### SUPPLIED MATERIAL ###

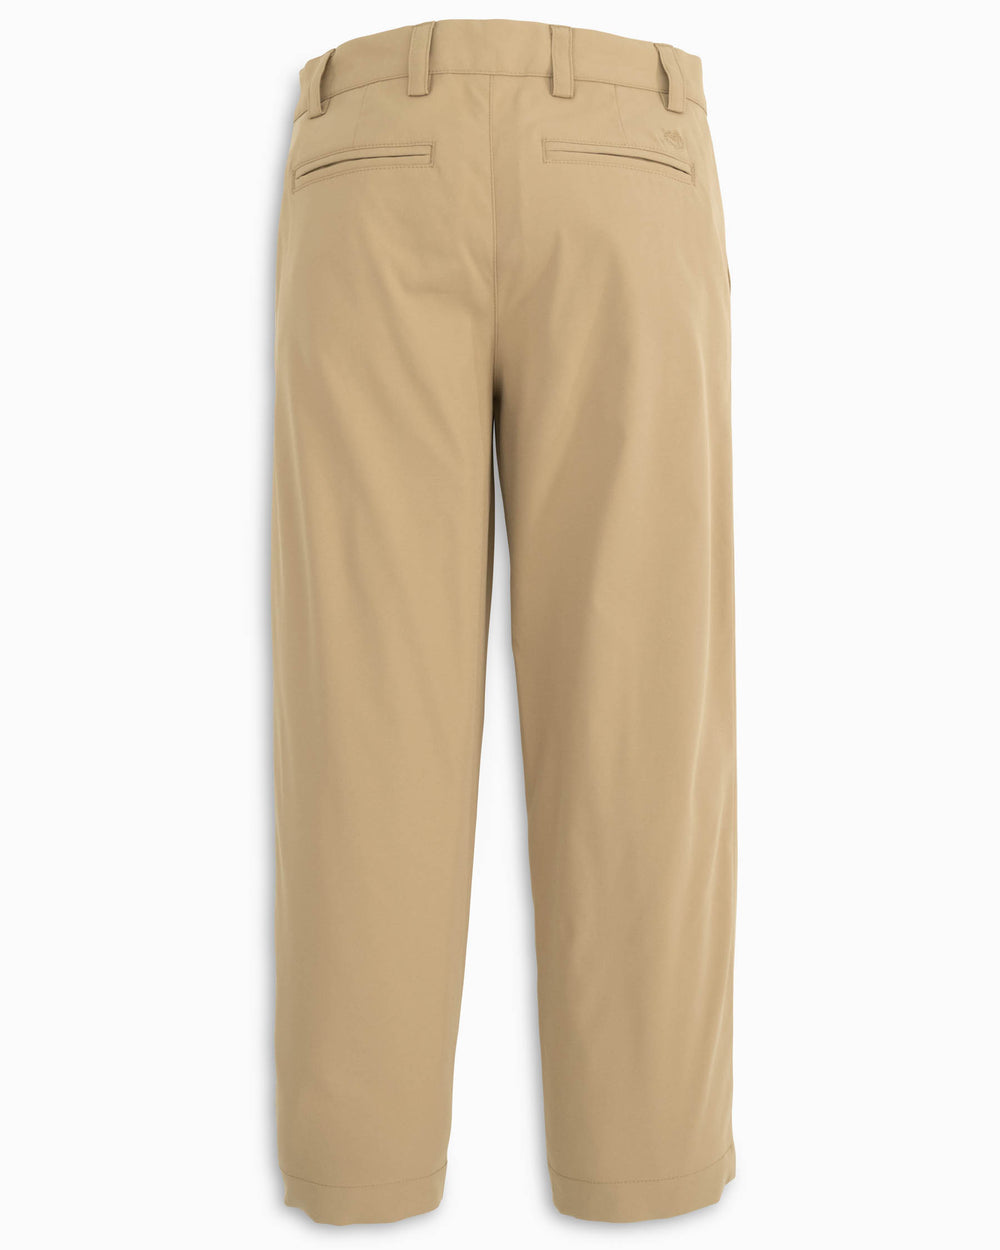 The back view of the Youth Leadhead Performance Pant by Southern Tide - Sandstone Khaki
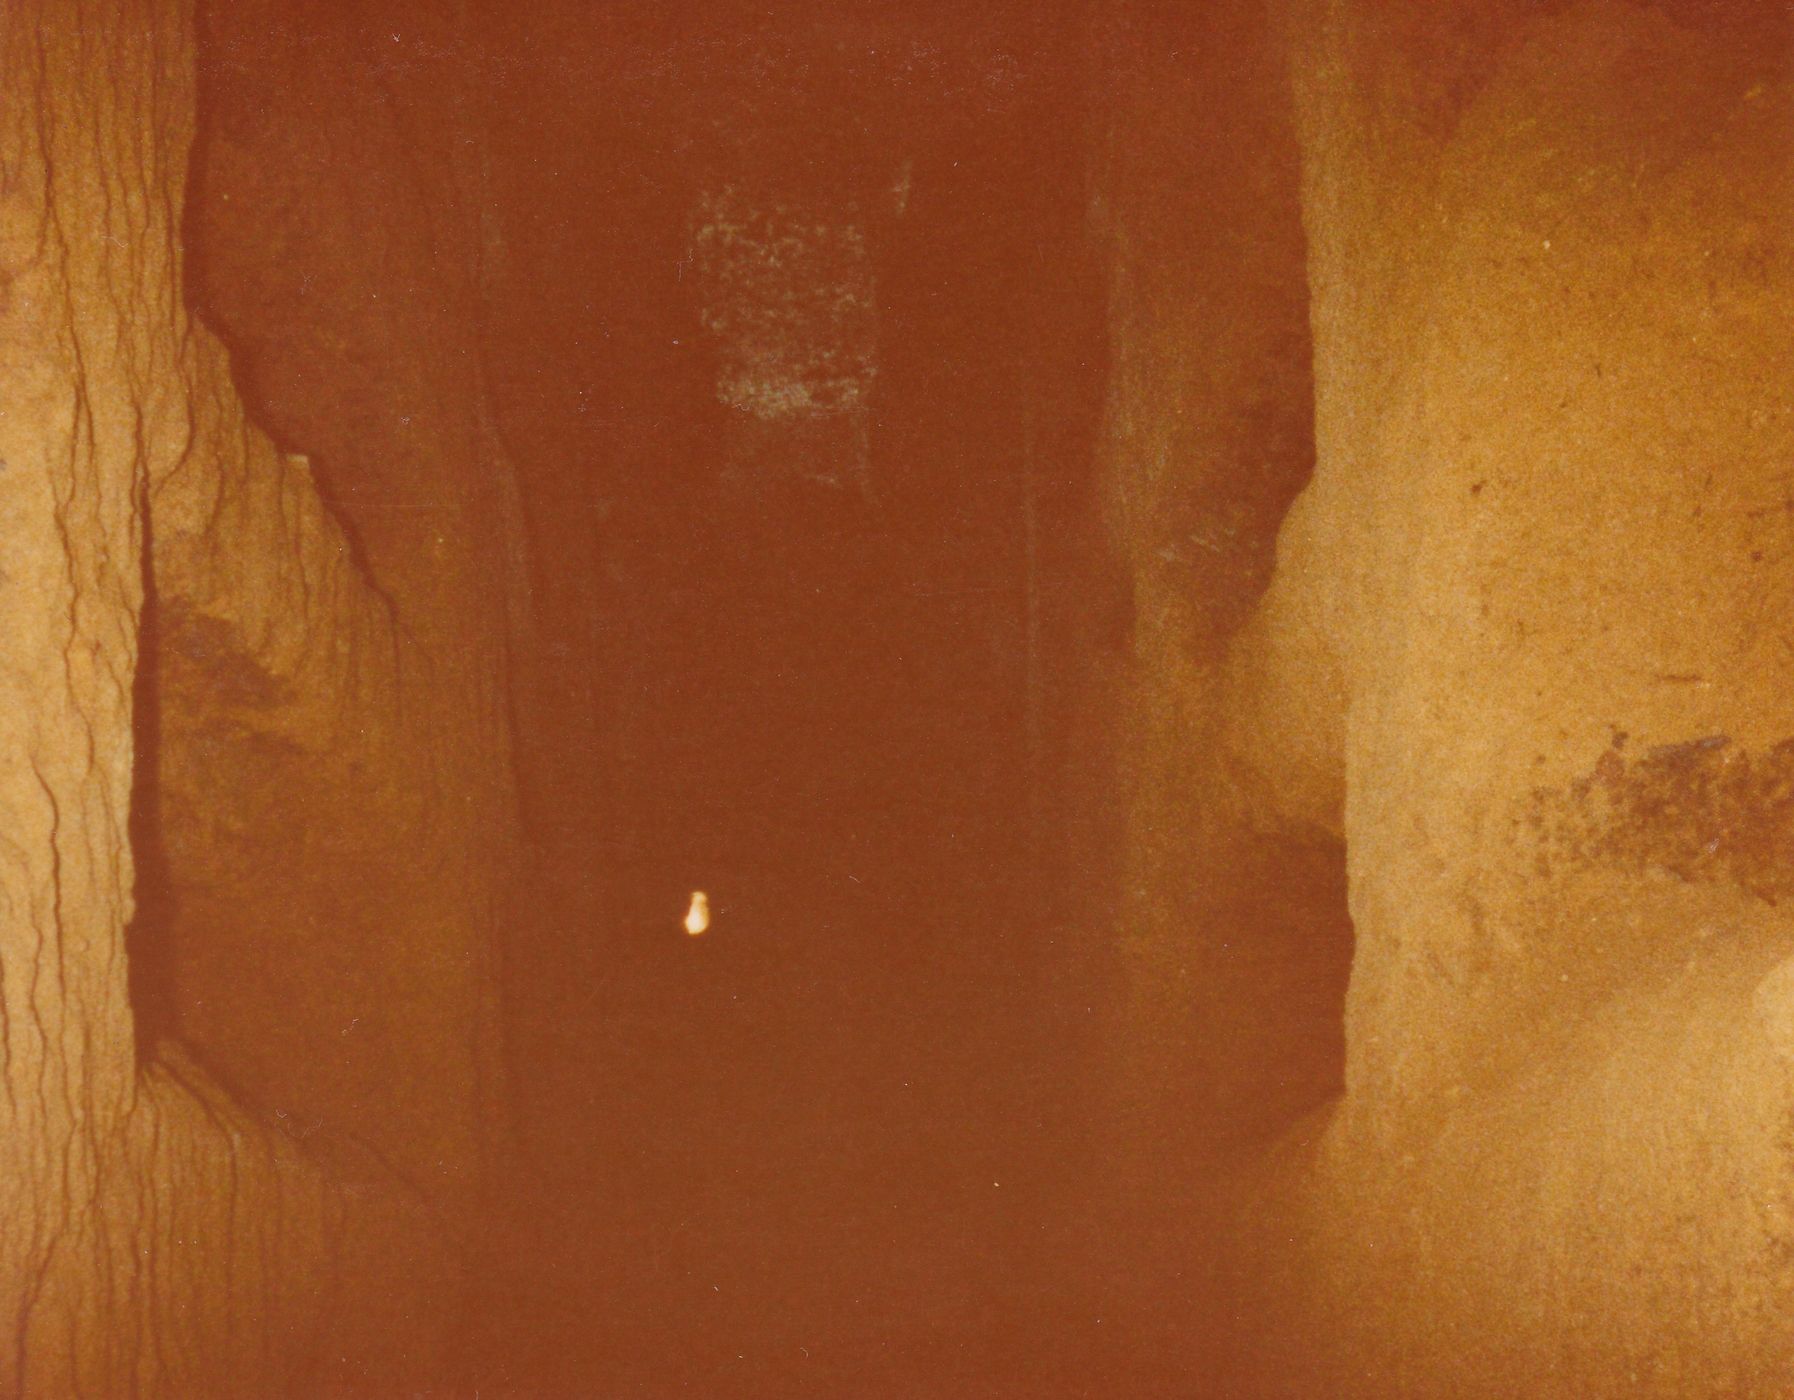 A washed-out photograph of a narrow hewn-stone hallway with long niches carved into the walls. There is a light source in the distance, but surrounded by darkness.
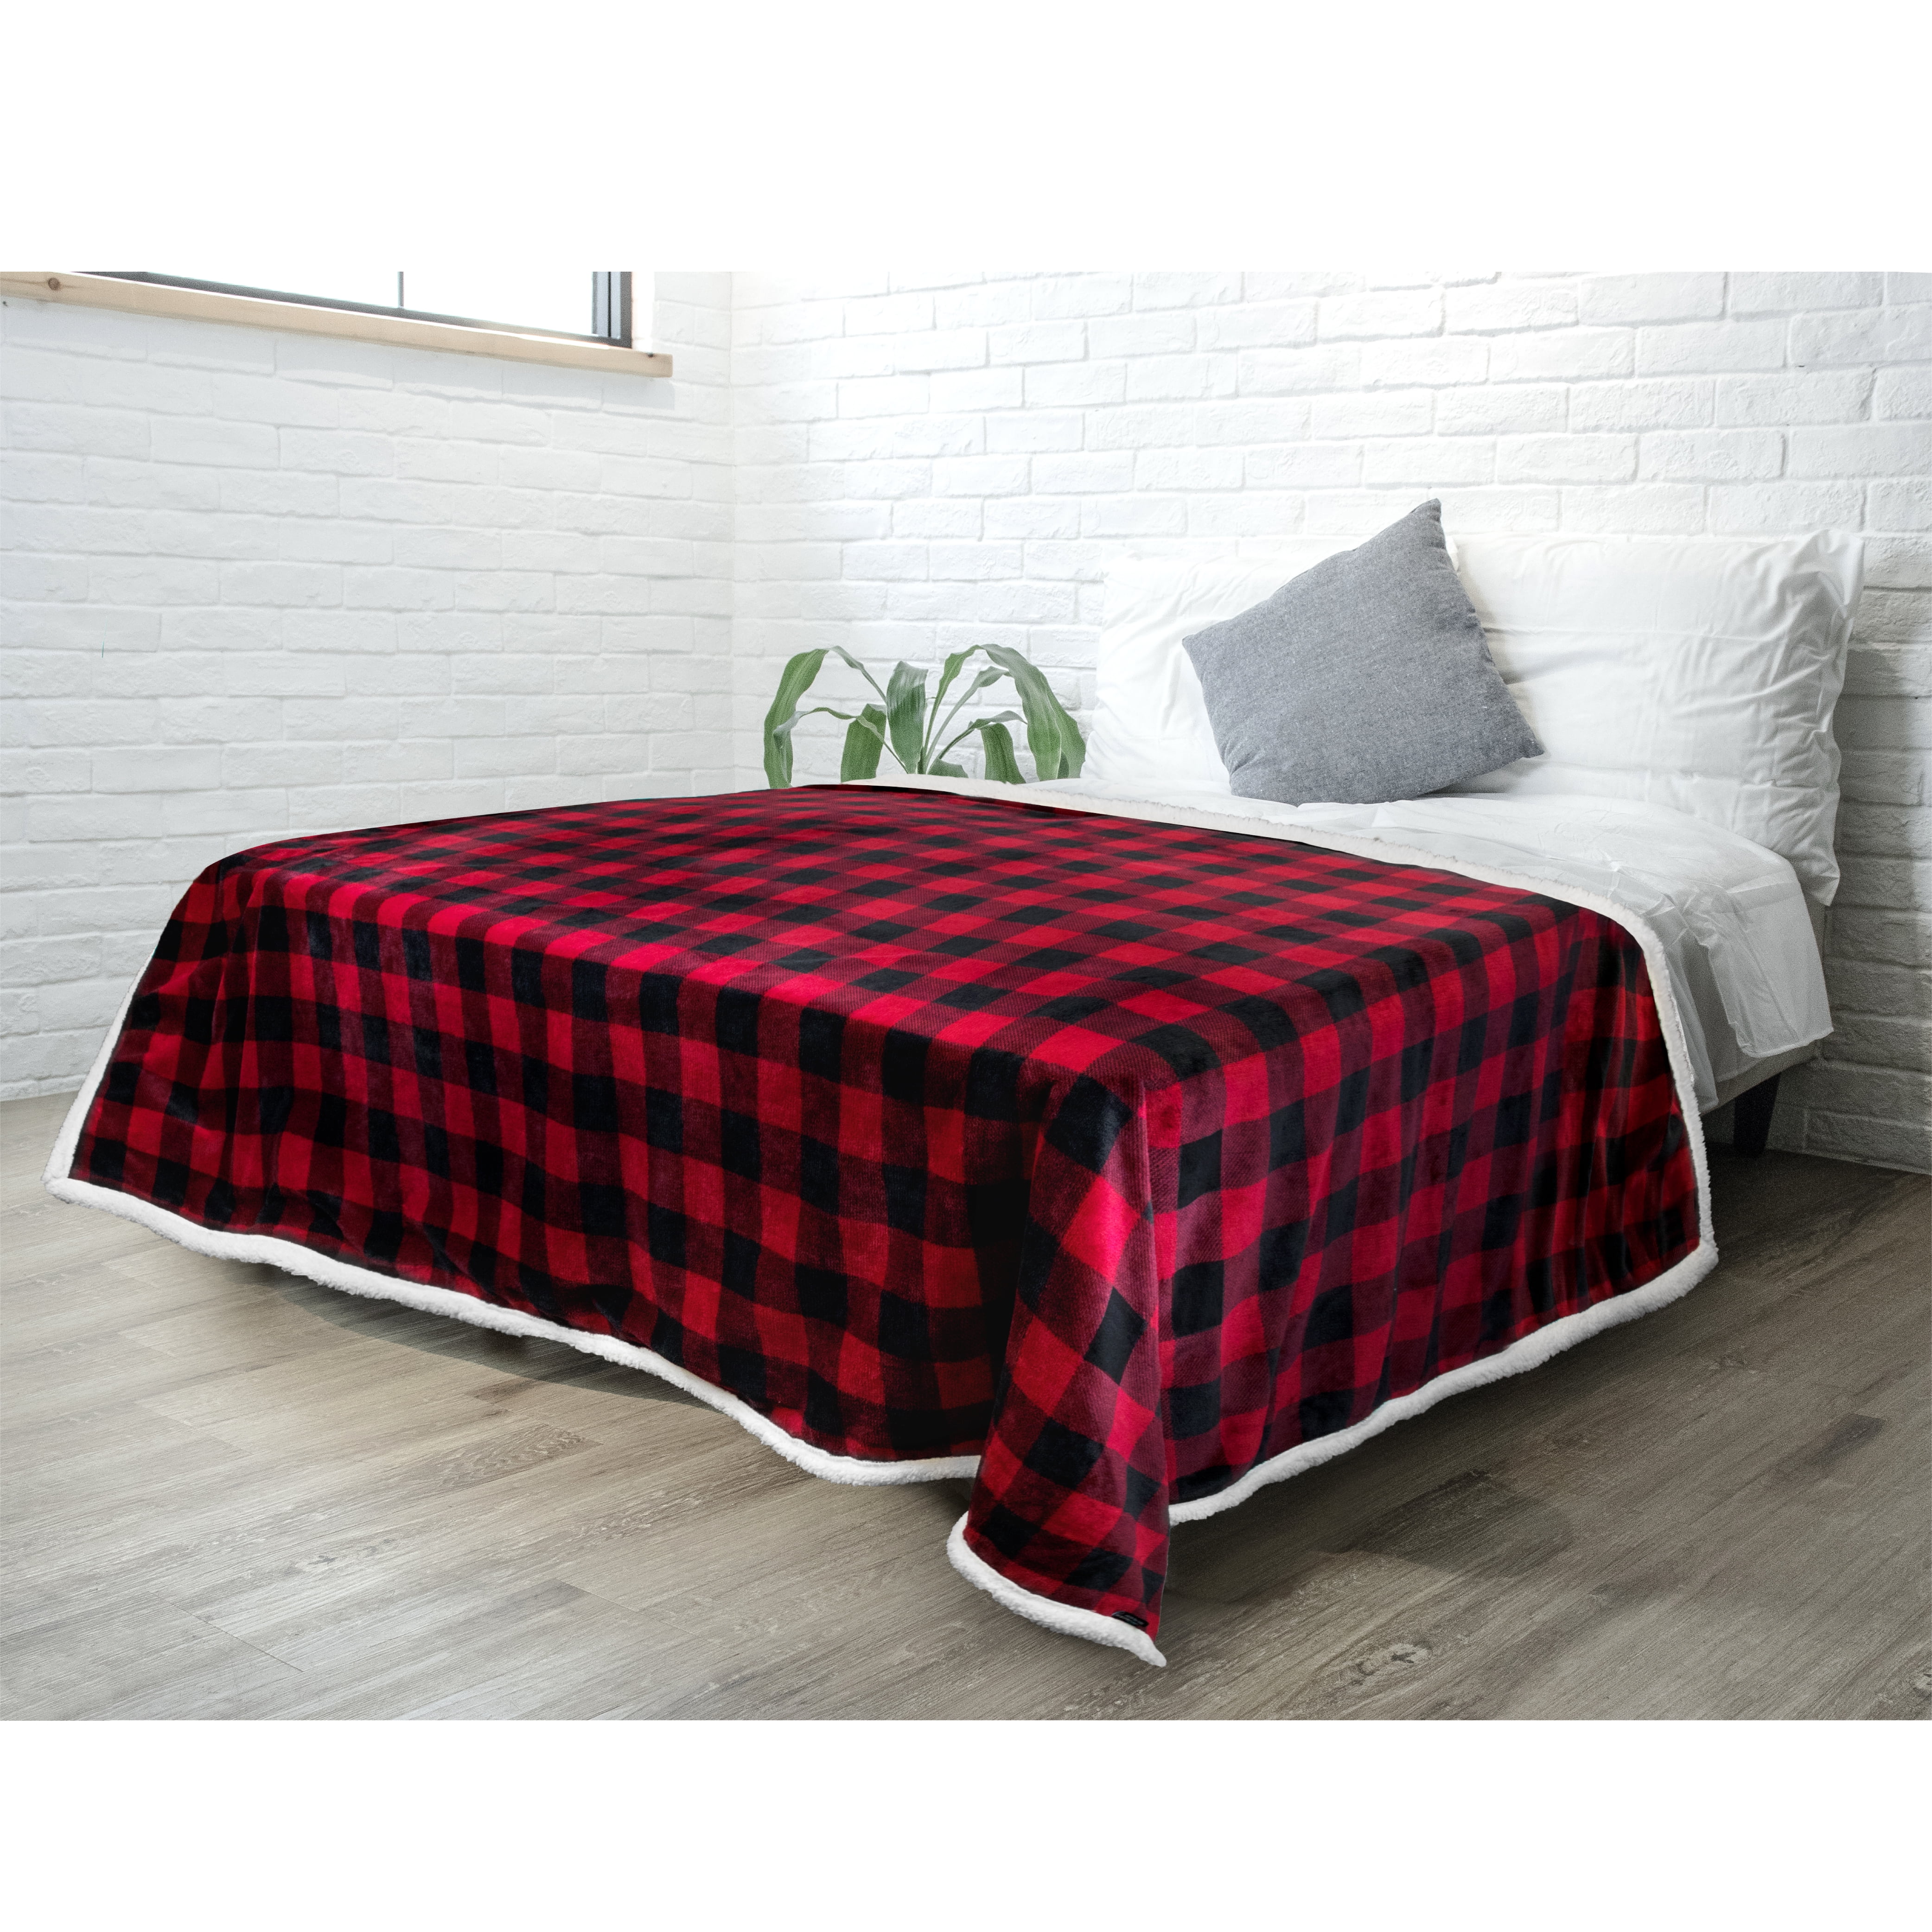 Ukeler Buffalo Check/Plaid Throw Blanket 50×60 for Couch Ultra Soft Plush Flannel Fleece Sherpa Throw Bed Throws for Kids and Adult

###

PROBLEM REQUIREMENTS –
Leaving the pictures aside, transcribe only the lines from the one containing "A washed-out photograph" to the final line of the listing above, inclusive, exactly as they appear.

EXERCISE OUTPUT –
 A washed-out photograph of a narrow hewn-stone hallway with long niches carved into the walls. There is a light source in the distance, but surrounded by darkness.
 Ukeler Buffalo Check/Plaid Throw Blanket 50×60 for Couch Ultra Soft Plush Flannel Fleece Sherpa Throw Bed Throws for Kids and Adult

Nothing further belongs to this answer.